Tarsal laxity is assessed using three tests--the snap test, the distraction test and vertical canthal displacement. A total score [less than or equal to] 10 is considered normal, and in that situation, no additional intervention or only a preventive orbicular suspension is indicated for suspending the lower lid. A score of 11 to 20 represents moderate laxity, which is addressed with plication canthopexy and orbicularis suspension. Patients whose score is [greater than or equal to] 21 are considered to have severe laxity that requires canthoplasty with shortening plus orbicularis suspension. Dr. Ramirez says the orbicular suspension (plication) is done without cutting the orbicularis oculi muscle.

For addressing wrinkles, a trichloroacetic acid peel is the preferred treatment if the wrinkles are minimal. Moderate wrinkling is addressed with laser resurfacing as the first choice, although skin excision can also be performed. Skin excision is the treatment of choice, followed by laser resurfacing to improve the appearance of severe wrinkling.

Vector concerns

Dr. Ramirez notes that the portion of the algorithm that determines treatment based on the vector is more complex, as it takes into account the absence or presence of a tear trough deformity and size of the eye. If the vector is positive and there is no tear trough deformity, the treatment is determined according to eye size. For individuals with small eyes, the fat pads are repositioned inside the orbit. However, if the eyes are normal or large, the fat can be safely removed, and Dr. Ramirez's preferred approach for achieving that is through a transconjunctival incision.

If the patient has a positive vector but a tear trough deformity is present, the fat is maintained within the orbit in patients with small eyes, and the tear trough deformity is treated with fat grafting or a vertical suborbicularis oculi fat (SOOF) lift. When there is a positive vector, tear trough deformity and the eyes are normal or large, the fat pad is slid to improve the tear trough, and then the patient may or may not need a SOOF lift.

Patients with a negative vector--i.e., location of the orbital rim >3 mm behind the corneal plane--are offered an orbital rim implant to convert the vector to positive. If the patient declines the implantation procedure, then canthoplasty is performed. In either case, additional treatment is determined, as described above, according to the absence or presence of a tear trough deformity and size of the eyes.

Orbicularis oculi intact

Dr.
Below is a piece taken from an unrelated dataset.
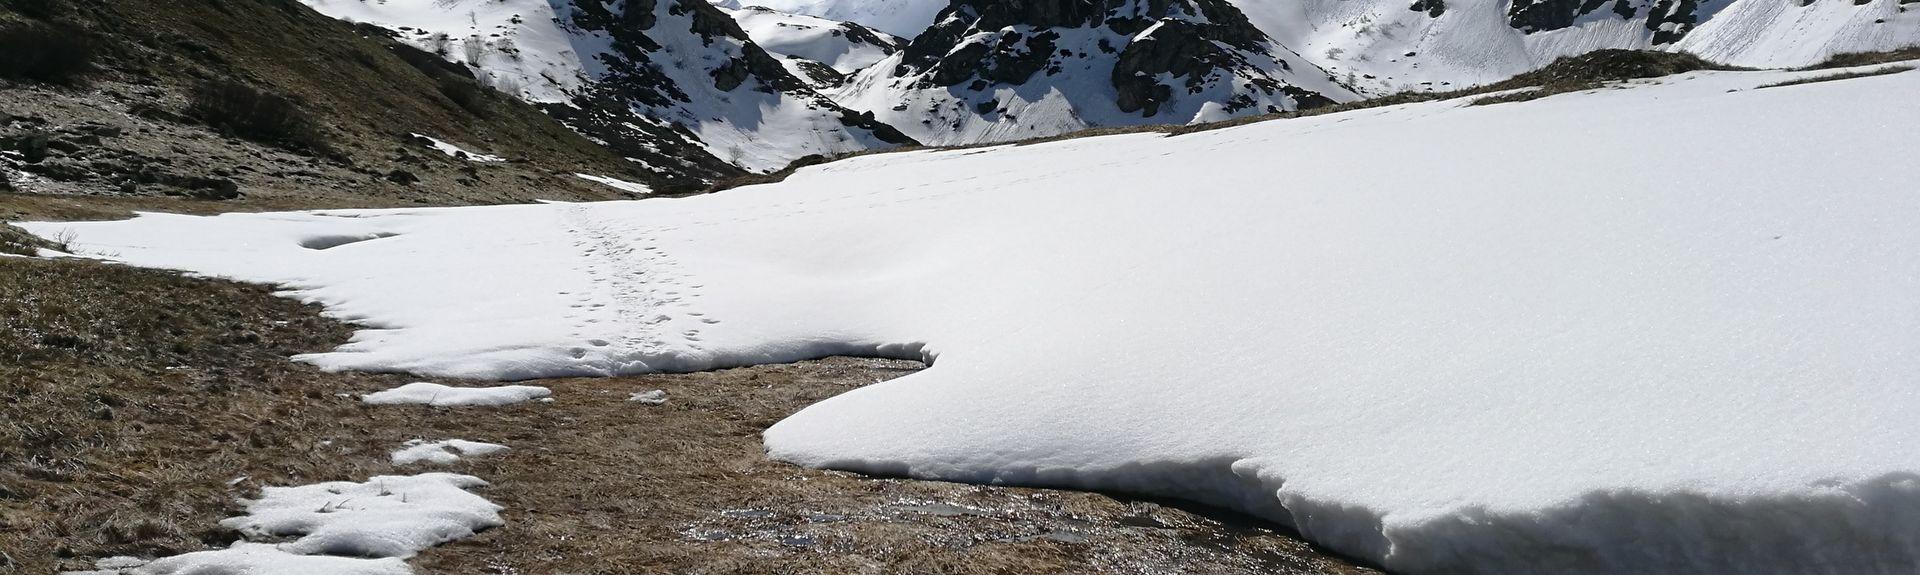 Χιονοδρομικό Κέντρο του Βαλμεϊνιέρ, Valmeinier, Οβέρν-Ρον-Αλπ, Γαλλία

Ramirez points out that, in contrast to a traditional blepharoplasty technique, his treatment approach avoids cutting the orbicularis oculi muscle in order to avoid denervation of the lower eyelid and associated complications.

"Although it is controversial among surgeons, I have shown through a number of published studies and presentations that transsection of the muscle denervates the pretarsal portion of the lower orbicularis," he says. "Therefore, I camouflage any tear trough deformity with a vertical SOOF lift and treat the lower eyelid itself with removal of skin and orbicularis suspension/plication only. In avoiding muscle excision, I have been successful in nearly eliminating all of the complications that are often associated with lower eyelid blepharoplasty, including scleral show, ectropion and even corneal damage that can lead to blindness."

Similarly, when performing a facelift for patients who want full-face rejuvenation in addition to treatment for bulging lower eyelids, his technique is also designed to avoid denervation of the lower eyelid. The facelift is divided into two components--the central oval of the face is approached in the subperiosteal plane, while lifting of the lower face and neck is achieved working in the subcutaneous layer.

"The mimetic muscles of the face and the facial nerves lie in the intermediate layer, and facelifts done in that tissue plane also carry a risk for denervation of the lower eyelid and other muscles of the face," Dr. Ramirez says.